When reporting issues, please include:
- SDK version you're using
- dotCMS version
- Minimal reproduction steps
- Expected vs. actual behavior
Enterprise customers can access premium support through the dotCMS Support Portal.
How To Contribute#
GitHub pull requests are the preferred method to contribute code to dotCMS. We welcome contributions to the DotCMS UVE SDK! If you'd like to contribute, please follow these steps:
- Fork the repository dotCMS/core
- Create a feature branch (
git checkout -b feature/amazing-feature
) - Commit your changes (
git commit -m 'Add some amazing feature'
) - Push to the branch (
git push origin feature/amazing-feature
) - Open a Pull Request
Please ensure your code follows the existing style and includes appropriate tests.
Changelog#
v1.1.1#
Version 1.1.1 introduces significant improvements to error handling and HTTP client architecture. Most applications will continue to work without changes.
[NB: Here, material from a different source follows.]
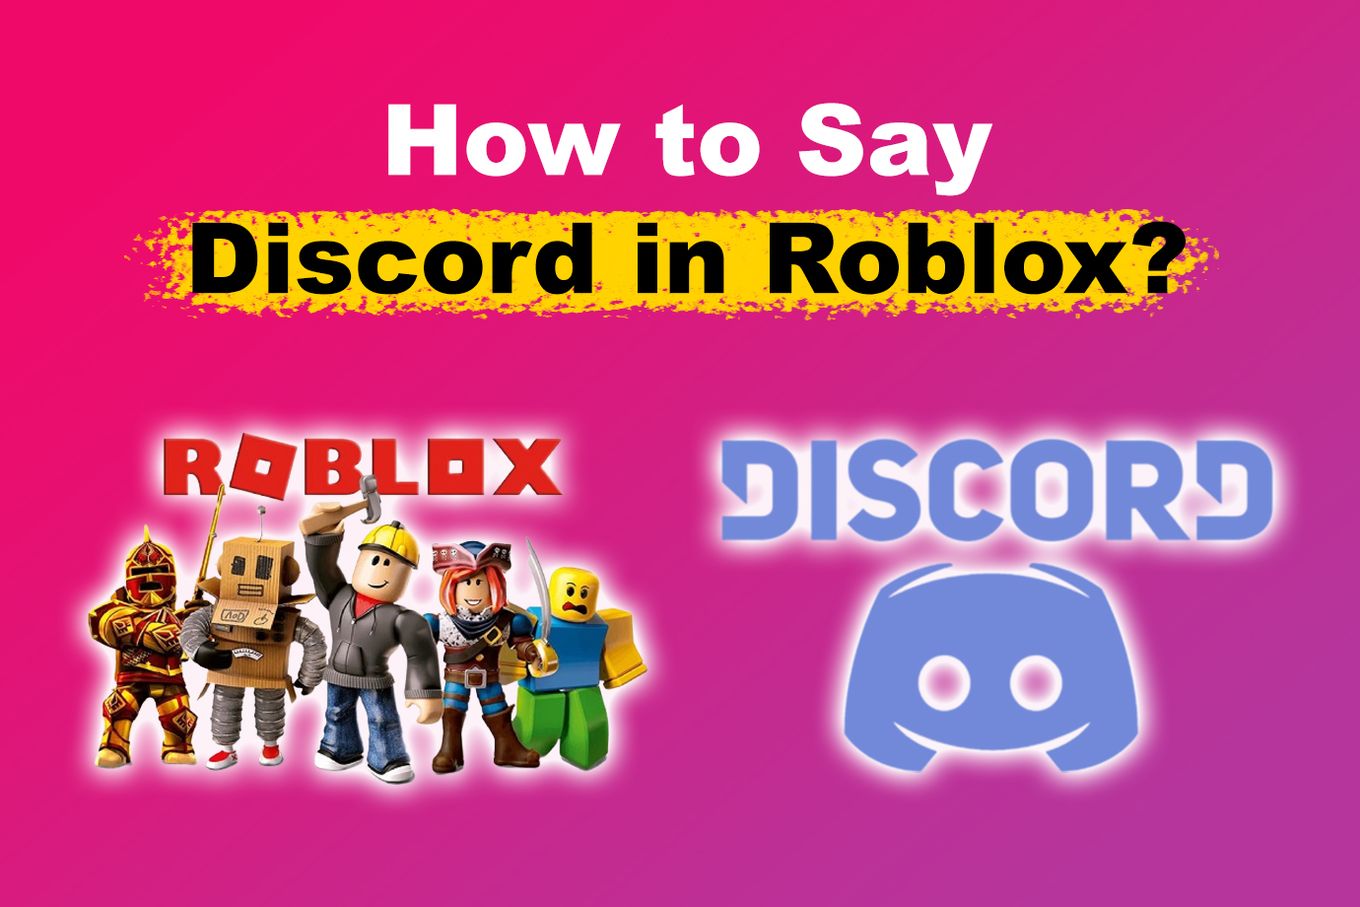 How to say Discord in Roblox

✨ Added - Enhanced Error Handling#
New Features:
- Introduced specific error types:
DotErrorPage
,DotErrorContent
,DotErrorNavigation
- Domain-specific errors wrap
DotHttpError
instances with contextual information - Enhanced error context and debugging information
- Improved error handling in promise chains
Migration Required If:
- You're catching generic
Error
instances from SDK calls - You're using
.then()
callbacks on content collections without return values - You're parsing raw HTTP error responses manually
Before (v1.0.x):
try { const { pageAsset } = await client.page.get('/about'); } catch (error) { // Generic error handling console.error('Error:', error.message); console.error('Status:', error.status); // May not exist } // Collection error handling client.content.getCollection('Blog').then( (response) => console.log(response), (error) => { console.error(error.status); // Raw HTTP status // No return value required } );
After (v1.1.1):
try { const { pageAsset } = await client.page.get('/about'); } catch (error) { // Specific error type checking if (error instanceof DotErrorPage) { console.error('Page Error:', error.message); console.error('Context:', error.context); if (error.httpError) { console.error('HTTP Status:', error.httpError.status); } } } // Collection error handling with required return values client.content.getCollection('Blog').then( (response) => { console.log(response); return response; // Return value recommended }, (error) => { if (error instanceof DotErrorContent) { console.error('Content Error:', error.contentType, error.operation); } return { contentlets: [], total: 0 }; // Return fallback or re-throw } );
✨ Added - HTTP Client Architecture#
New Features:
- New
DotHttpClient
interface for pluggable HTTP implementations - Default
FetchHttpClient
replaces directfetch()
calls - Better TypeScript support for custom HTTP clients
Migration Required If:
- You're extending or mocking SDK internals
- You need custom HTTP behavior (proxies, interceptors, etc.)
New Capabilities:
// Custom HTTP client support const client = createDotCMSClient({ dotcmsUrl: 'https://your-instance.com', authToken: 'your-token', httpClient: new CustomHttpClient() // Optional: custom implementation });
🔄 Changed - Type Updates#
Improvements:
RequestOptions
renamed toDotRequestOptions
- GraphQL response types improved
- Error response types standardized
Migration Required If:
- You're importing
RequestOptions
directly - You're using internal type definitions
Update Imports:
// Before import { RequestOptions } from '@dotcms/types'; // After import { DotRequestOptions } from '@dotcms/types';
Licensing Information#
dotCMS comes in multiple editions and as such is dual-licensed. The dotCMS Community Edition is licensed under the GPL 3.0 and is freely available for download, customization, and deployment for use within organizations of all stripes. dotCMS Enterprise Editions (EE) adds several enterprise features and is available via a supported, indemnified commercial license from dotCMS. For the differences between the editions, see the feature page.
This SDK is part of dotCMS's dual-licensed platform (GPL 3.0 for Community, commercial license for Enterprise).